4. What additional details would you need to help troubleshoot the cause such a problem? And at what point does one identify the cause of the problem being the infrastructure, not the way the solution was built?

marcus_sommer · ‎2017-12-05

I think you will need to implement an incremental load-approach maybe on multiple csv-slices for example on a daily level or per odbc which would mean a massive reducing of the load-times: Advanced topics for creating a qlik datamodel (last two link-blocks in it).

Further I would check if really all 200+ attributes/columns are necessary within a single application or if it could be logically splitted and of course removing all fields which are not useful for an user like record-id's: Search Recipes | Qlikview Cookbook‌.
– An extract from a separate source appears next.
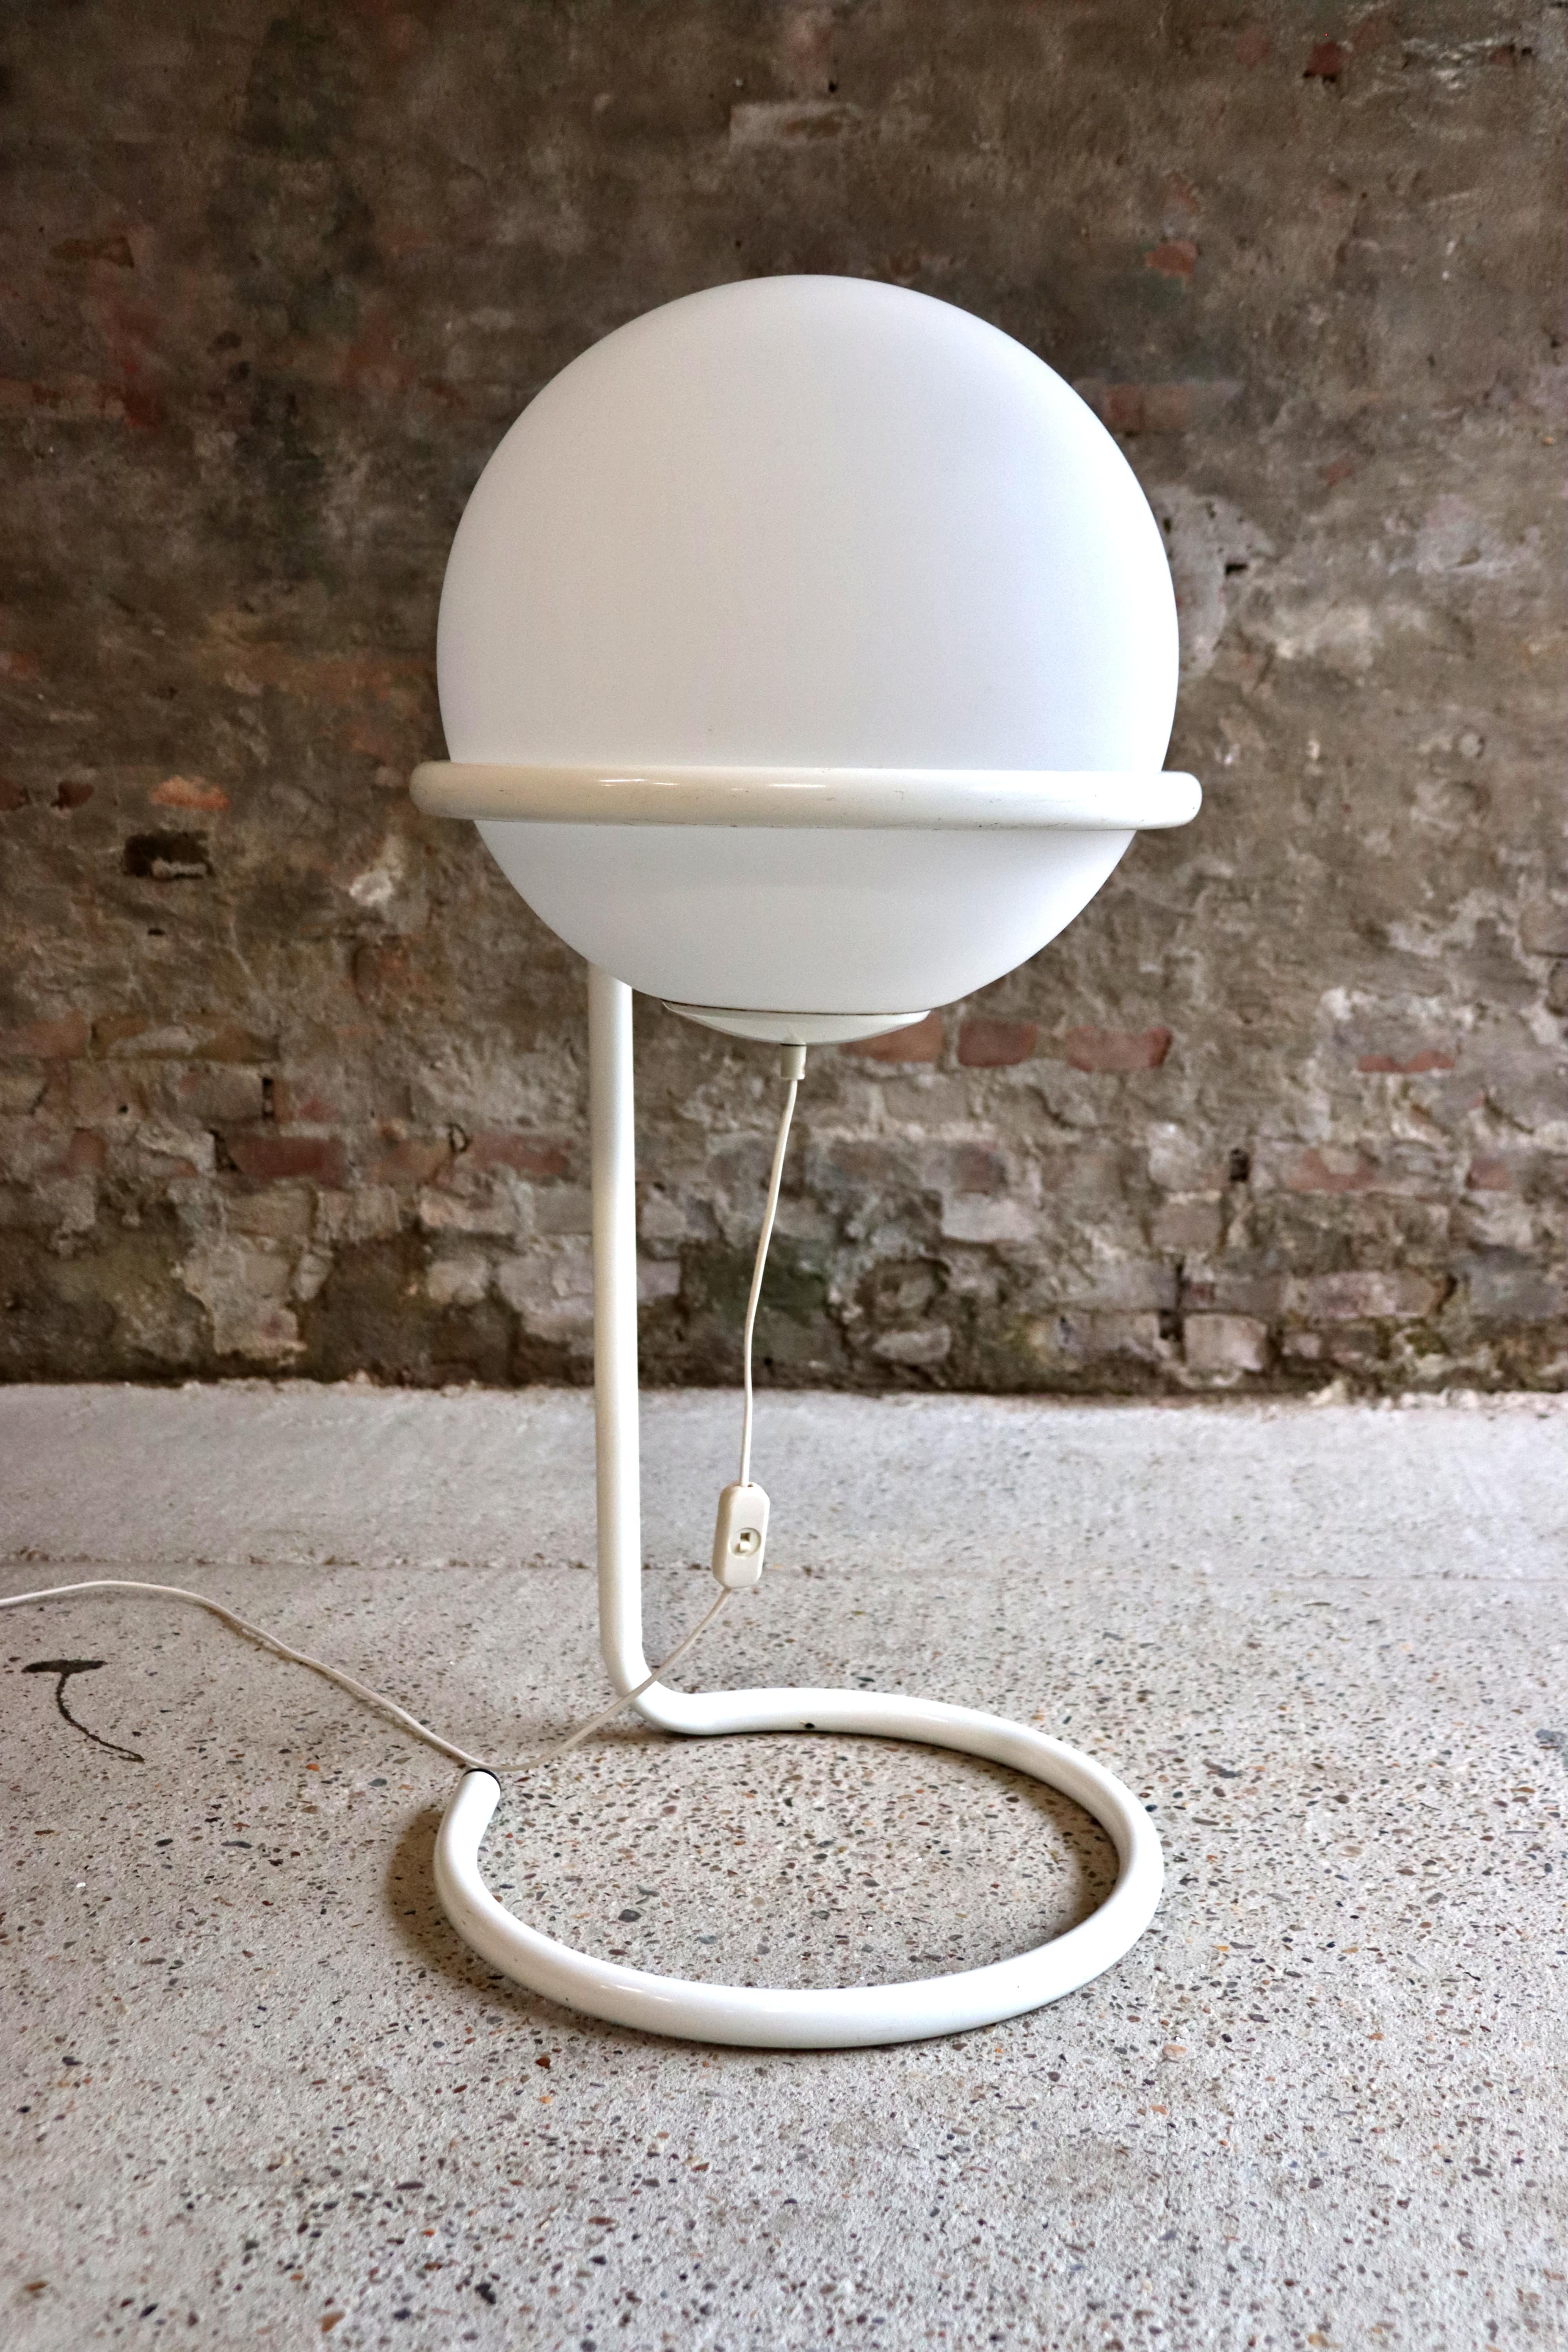 This awesome globe lamp has the typical space age vibe. It has an big frosted glass ball and beautifully simple designed frame. The metal tubular frame consists of 1 piece, with the upper circle being the support for the sphere and the lower one

The next step will be to look on the number of distinct field-values: The Importance Of Being Distinct.

Of course the datamodel itself will be quite important by larger datasets and should be rather a star-scheme or even a big flat-table. All heavy calculations should be rather implemented within the script so that the ui-expressions could be build with simple sum/count/avg-expressions by avoiding (nested) if-loops, aggr- and interrecord-functions.

I could imagine that in the end from 7 GB of rawdata will remain about 10% within the qvf (without any splitting and/or document-chaining - it's rather the worst-case if the amount of data could really not handled within a single application) and the user-experience regarding to the performance will be quite good.

- Marcus

Anonymous · ‎2017-12-05

Thank you for your response and the respective resources provided; I will give them a read.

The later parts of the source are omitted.